Are you aware of the risk relating to Asbestos & CLASP Buildings?
CLASP (which stands for Consortium of Local Authorities Special Programme) system was a scheme developed in the 1950s through to the 1980s, by English local authorities to devise a method of designing and assembling prefabricated buildings for use in the public sector. CLASP was first developed by Charles Herbert Aslin, who was the county architect for Hertfordshire. The building type was used as a model for several other counties, most notably Nottinghamshire and Derbyshire. The CLASP system utilised prefabricated light gauge steel frames which could be built economically up to a maximum of 4 storeys. The frames were finished in a variety of claddings and their modular nature could be employed to produce architecturally satisfying buildings. Initially developed solely for schools, the system was also used to provide offices and housing. Generally within all buildings of the period between 1950 – 1985, asbestos containing materials were used extensively for heat insulation, fireproofing, floor coverings, ceiling tiles and wall panels. Many of the system buildings used lightweight steel frames that required fire protection,particularly in ground floor locations of multi-storey buildings. One particular type of asbestos containing material, asbestos insulating board (AIB) was often used for this purpose.

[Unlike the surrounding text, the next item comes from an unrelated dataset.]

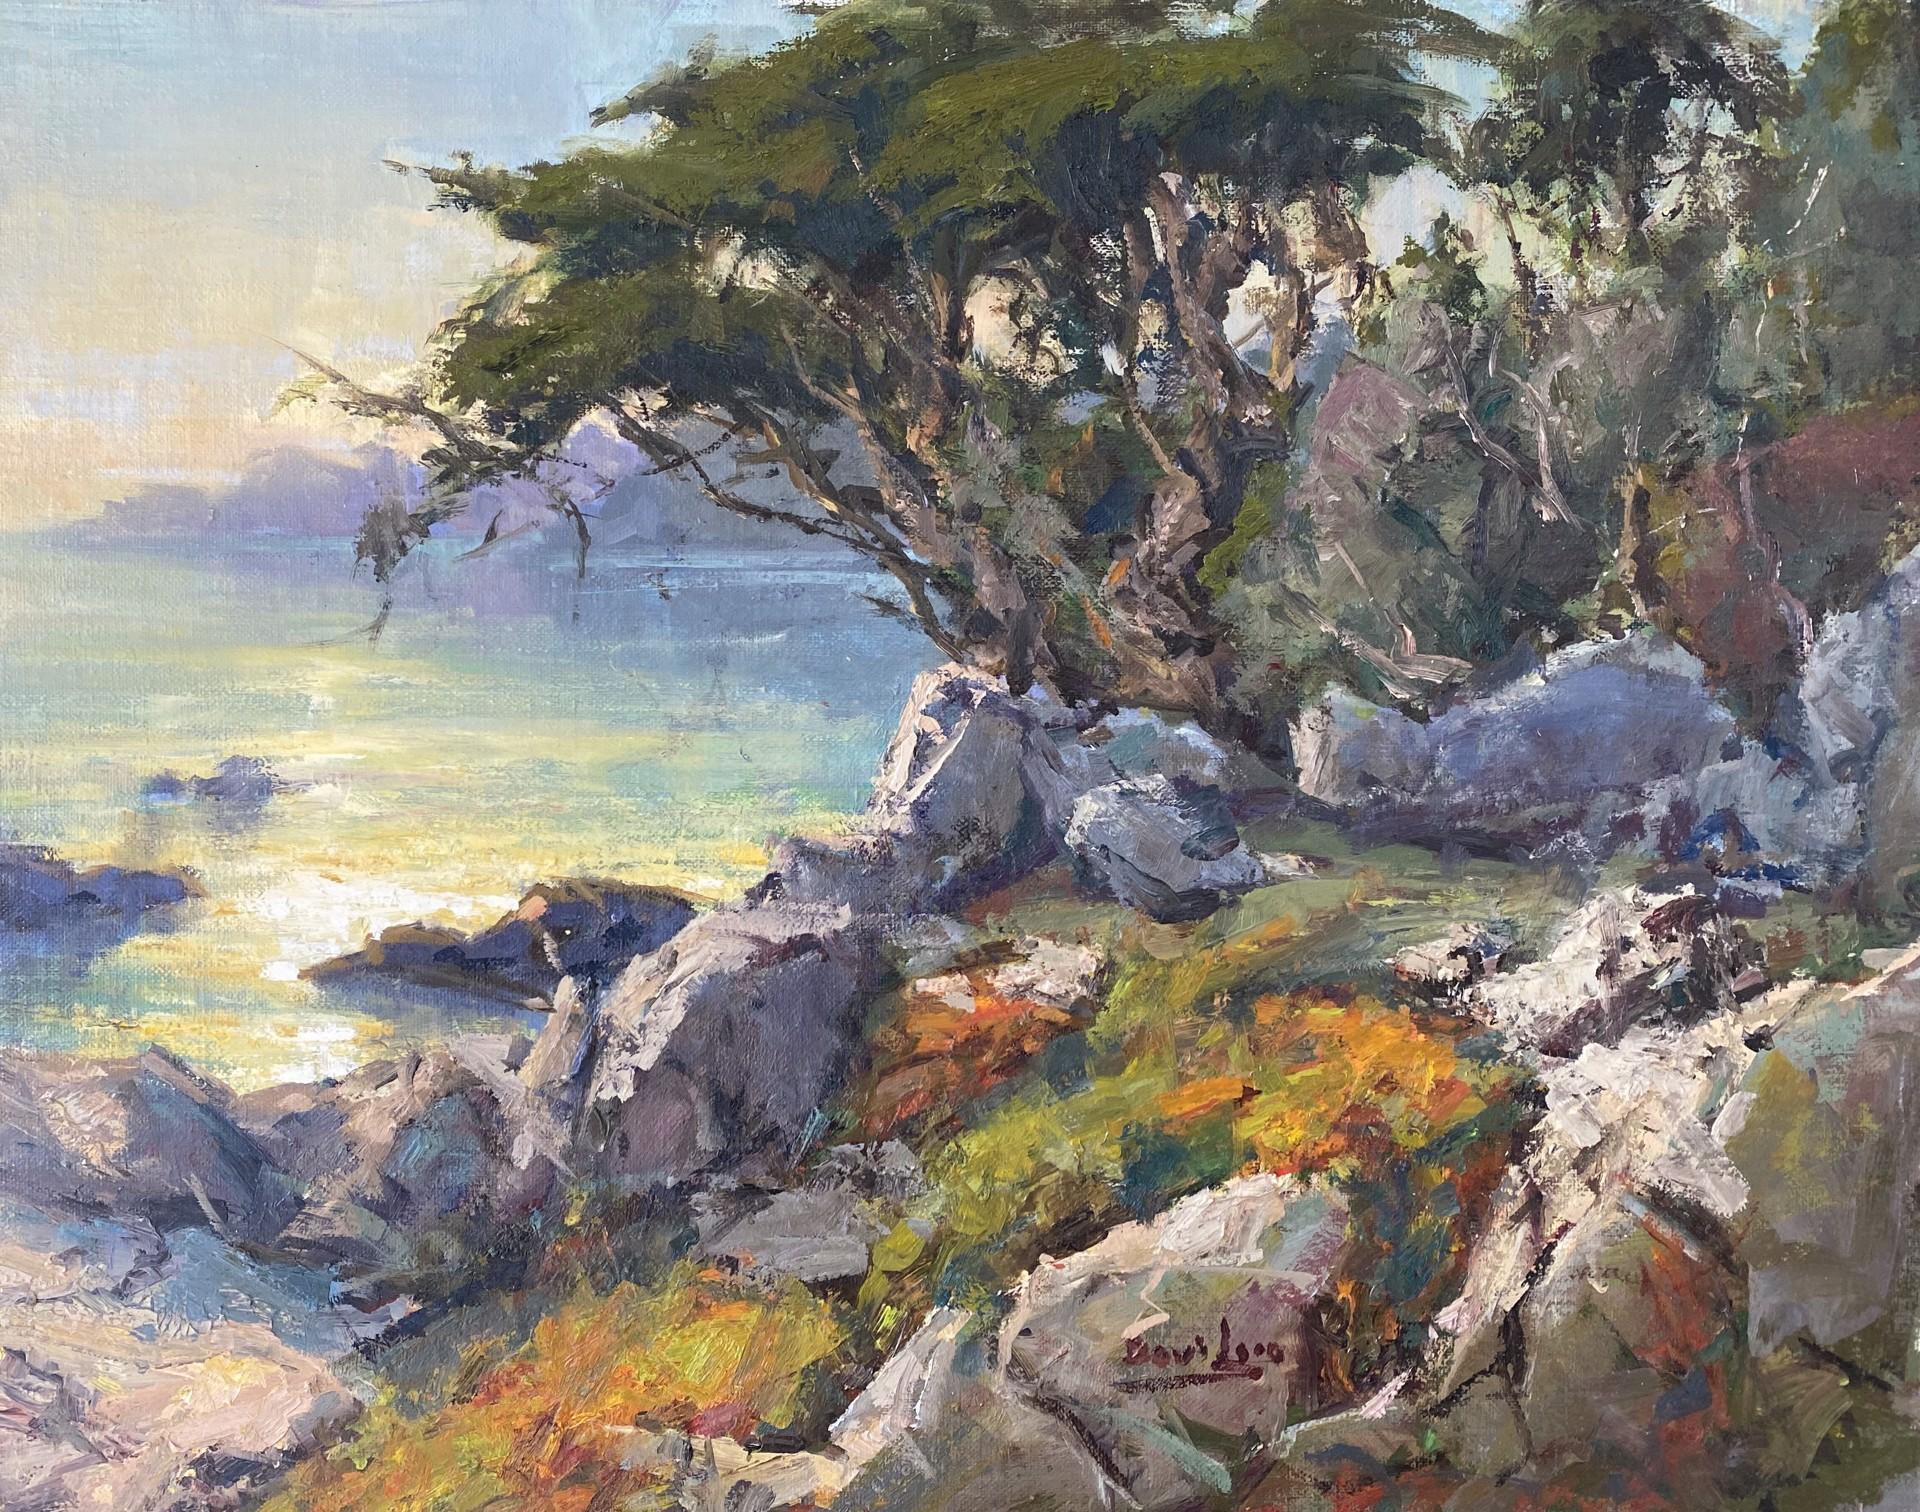 Standing in Light by Bill Davidson

Insulating board. Used for fire protection, thermal and acoustic insulation, resistance to moisture movement and general building board. Found in service ducts, firebreaks, infill panels, partitions and ceilings (including ceiling tiles), roof underlay, wall linings, soffits, external canopies and porch linings. Crocidolite used for some boards up to 1965, amosite up to 1980, when manufacture ceased. Usually 15–25% amosite or a mixture of amosite and chrysotile in calcium silicate. Older boards and some marine boards contain up to 40% asbestos. AIB can be readily broken, giving significant fibre release. Also significant surface release is possible by abrasion, but surface is usually painted or plastered. Sawing and drilling will also give significant releases. ‘Asbestolux’, ‘Turnasbestos’, ‘LDR’, ‘asbestos wallboard’, ‘insulation board’. Marine boards known as ‘Marinite’ or ‘Shipboard’.Building systems developed over time and details were revised and specification of materials changed, also the project architect may have specified some alternative or additional uses of asbestos containing materials that may not necessarily be recorded or included in the basic building design. This has led to variation in the types and locations of asbestos containing materials within these buildings. Asbestos containing materials may also have been used in these buildings as unrecorded substitute items. This may be where there were material shortages on site during the original installation. Additionally to to this surplus or off cut asbestos containing materials may have been left hidden inside columns or boxings or ceiling voids. As such, asbestos may be found in some unexpected locations within a CLASP building and the presumption should be that asbestos containing materials may be present in all concealed areas. Taking this all into account, there is a high potential for asbestos fibre to be released from damaged column casings in CLASP and system buildings. Gaps in the column casings can occur as a result of previous alteration, removal or direct physical impact on the casing. As a result asbestos management should be a high priority in all CLASP buildings.